▸ Data shown
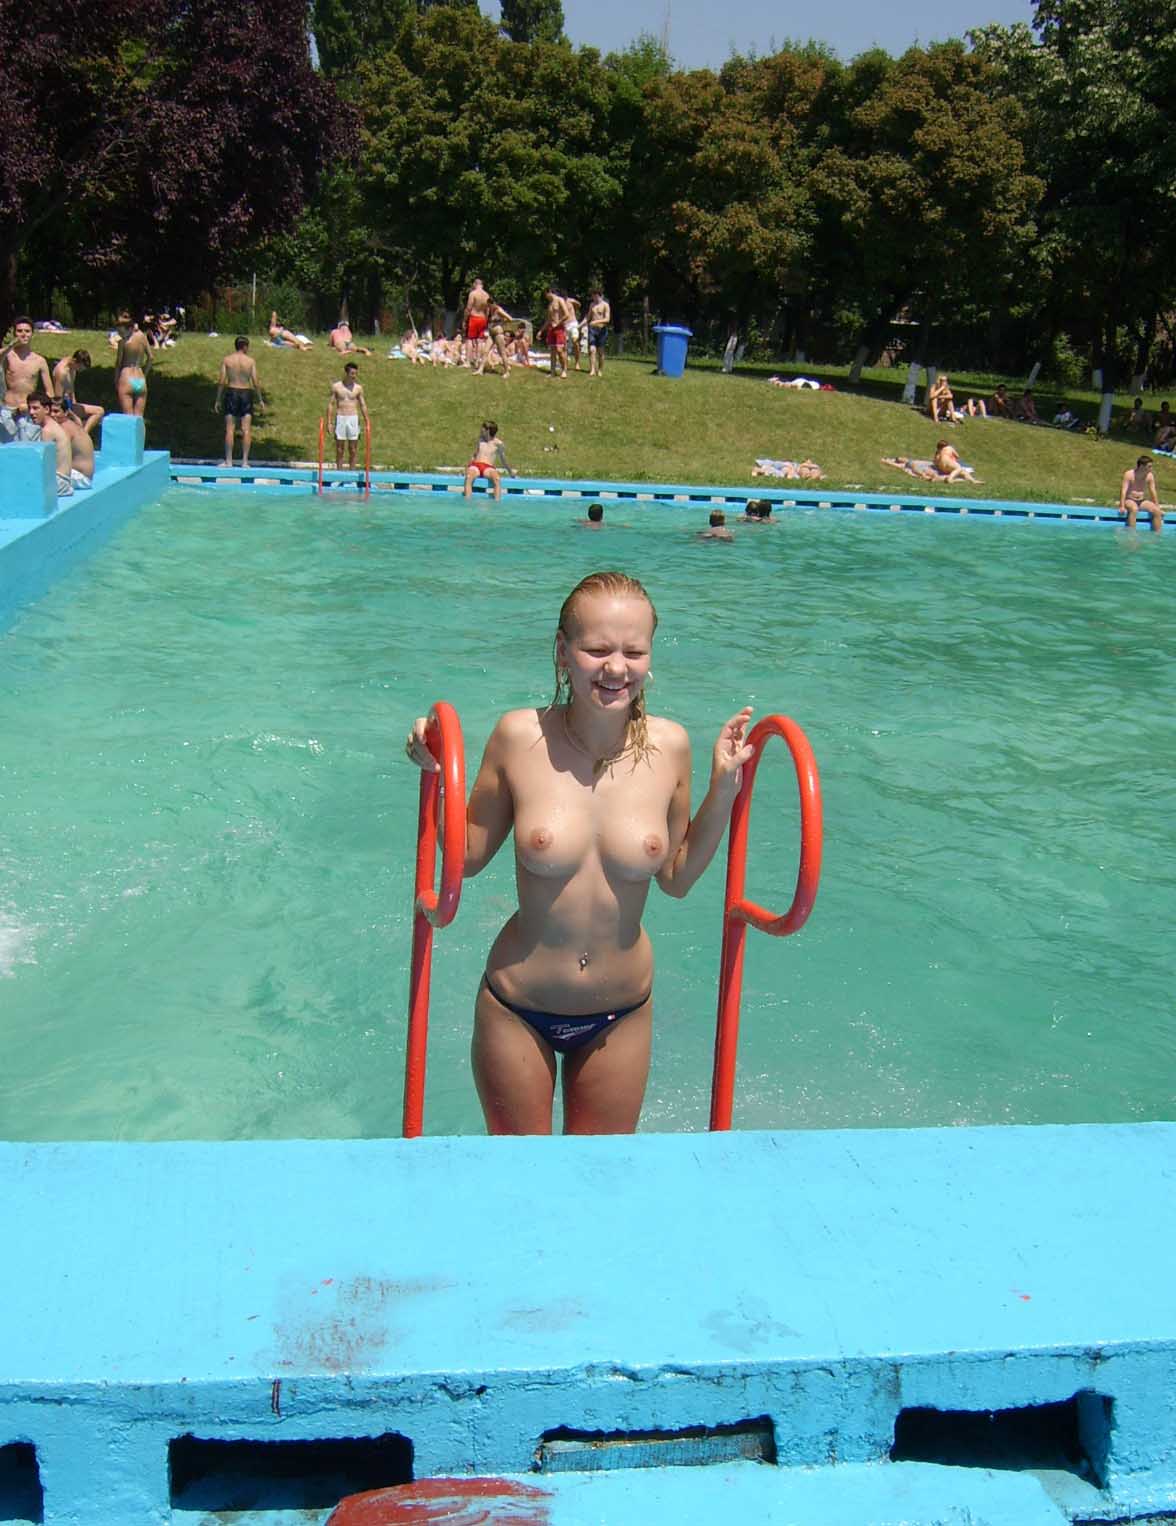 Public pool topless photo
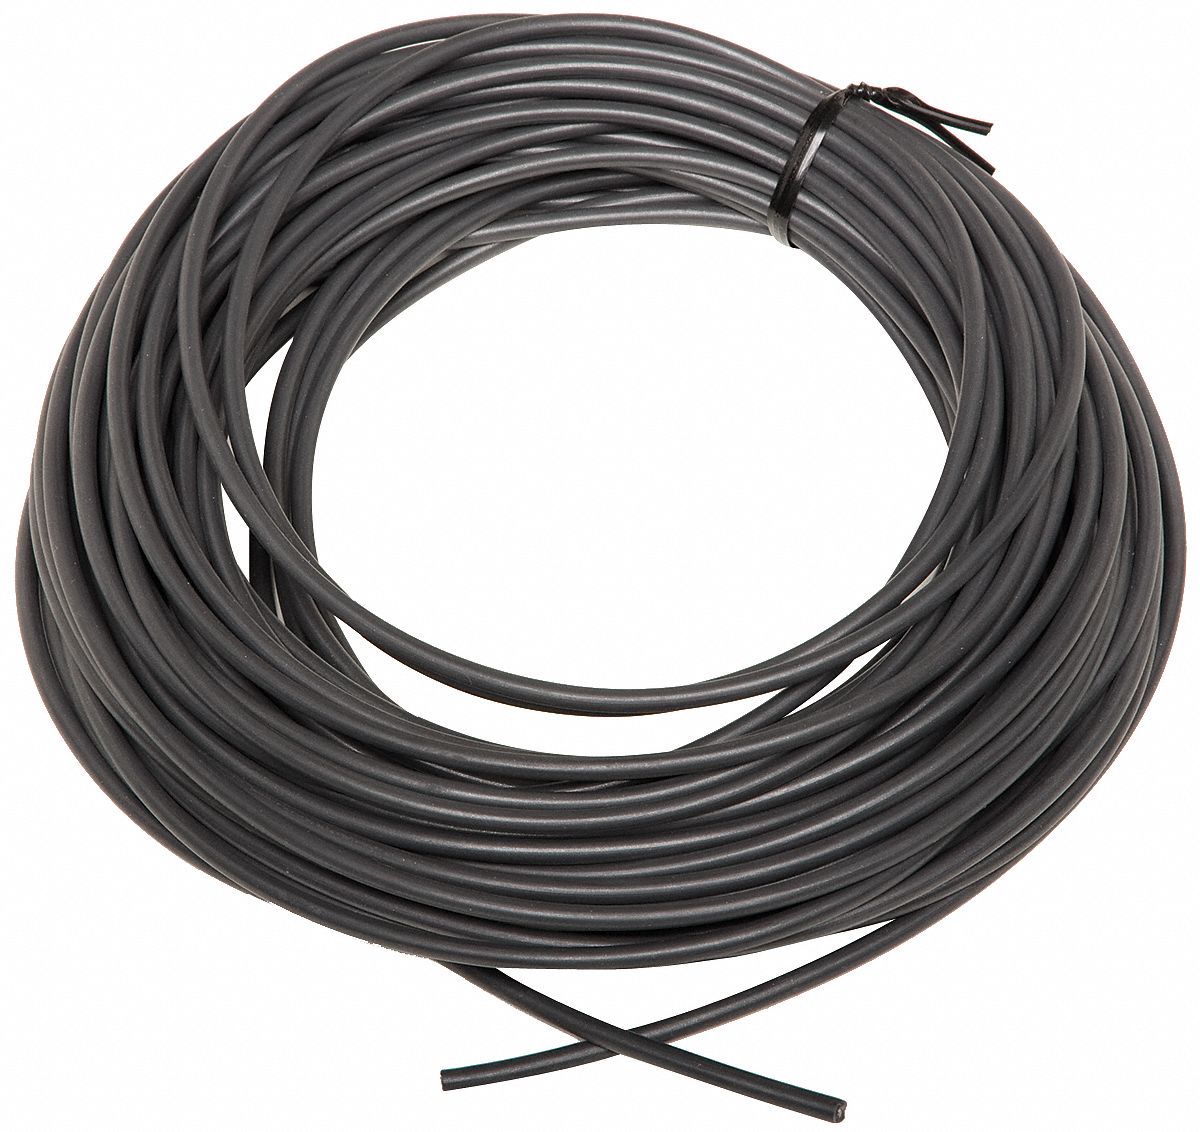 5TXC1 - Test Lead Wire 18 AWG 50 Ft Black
--
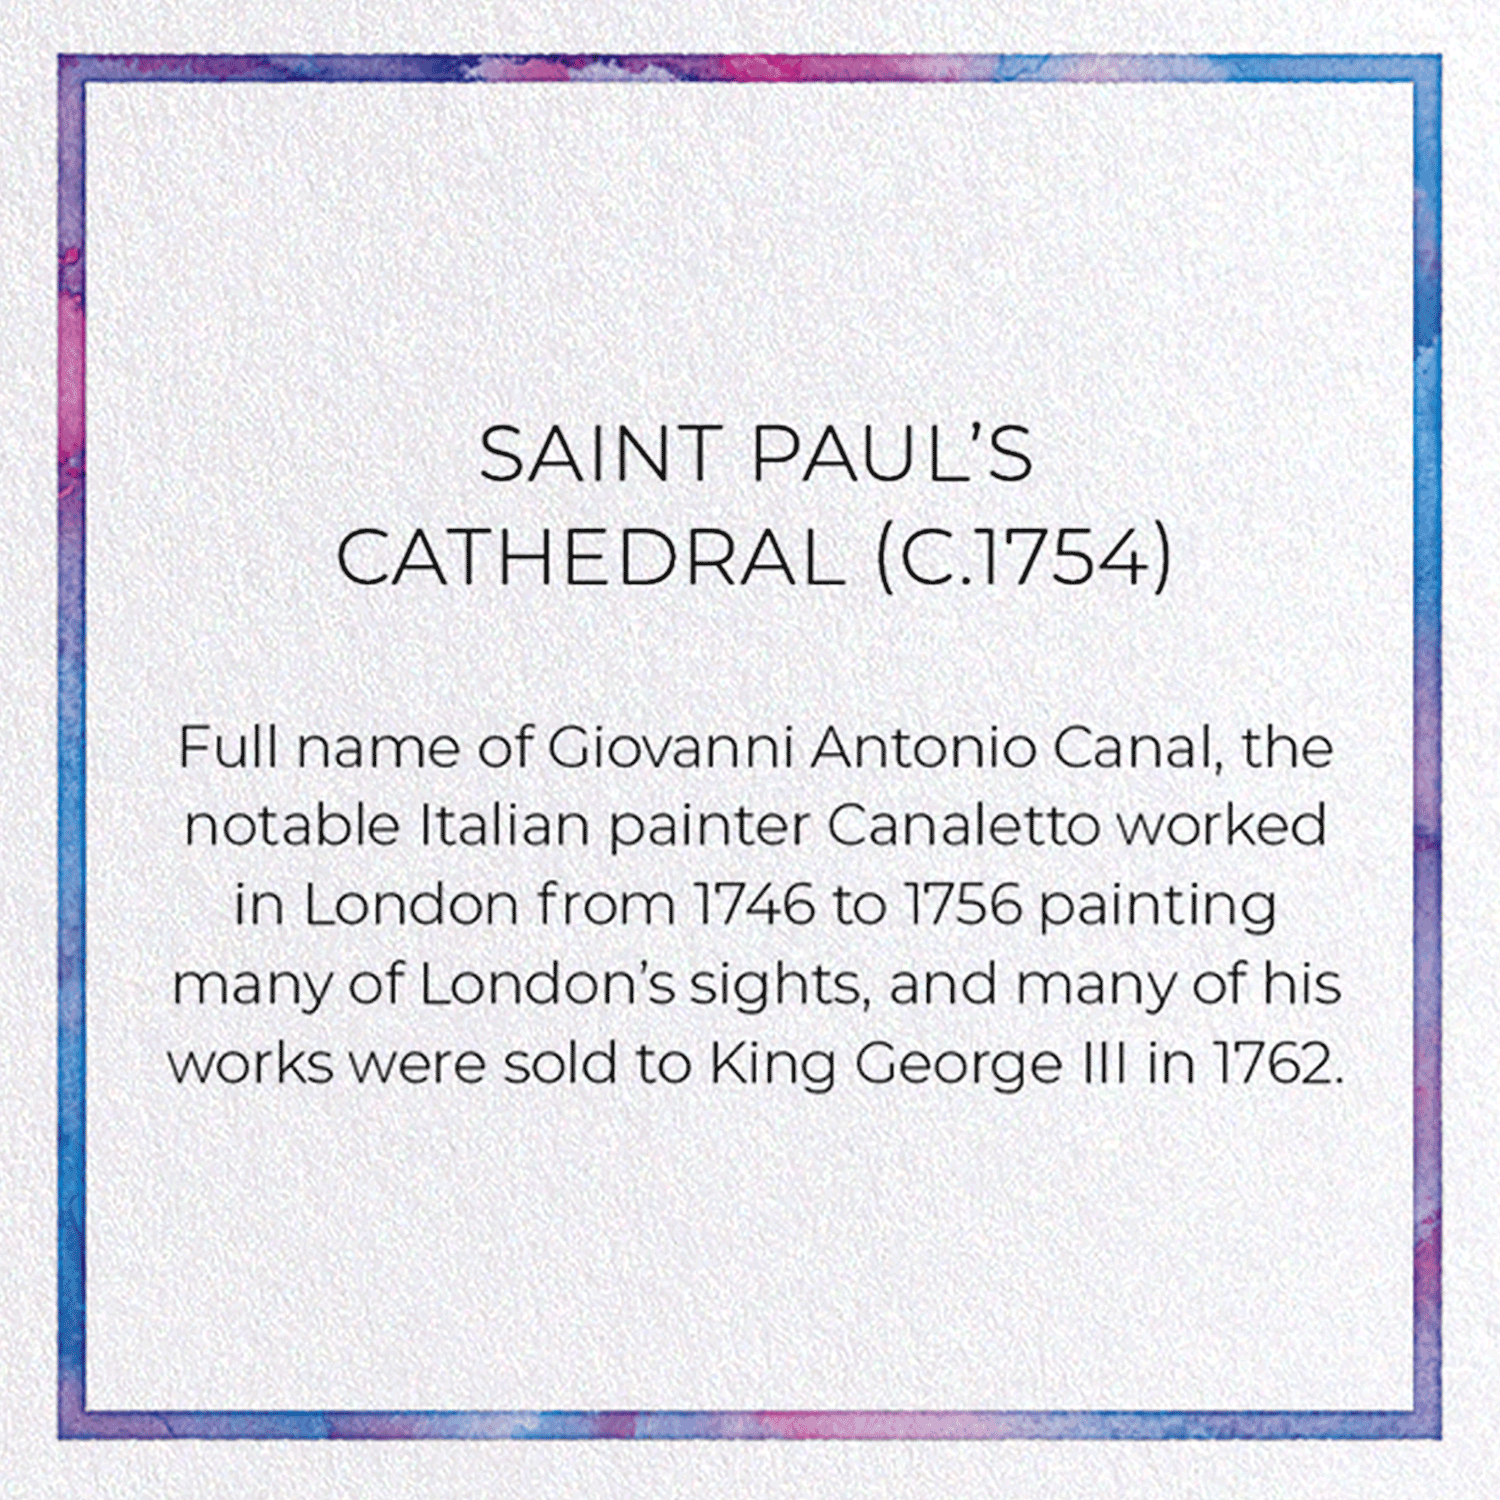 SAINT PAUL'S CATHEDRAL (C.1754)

▸ Your task
The answer is those lines of the material above that run from the one containing "Public pool topless photo" up to and including the one containing "5TXC1 - Test Lead Wire 18 AWG 50 Ft Black", restated exactly and without images.

▸ Solution for this task
 Public pool topless photo
 5TXC1 - Test Lead Wire 18 AWG 50 Ft Black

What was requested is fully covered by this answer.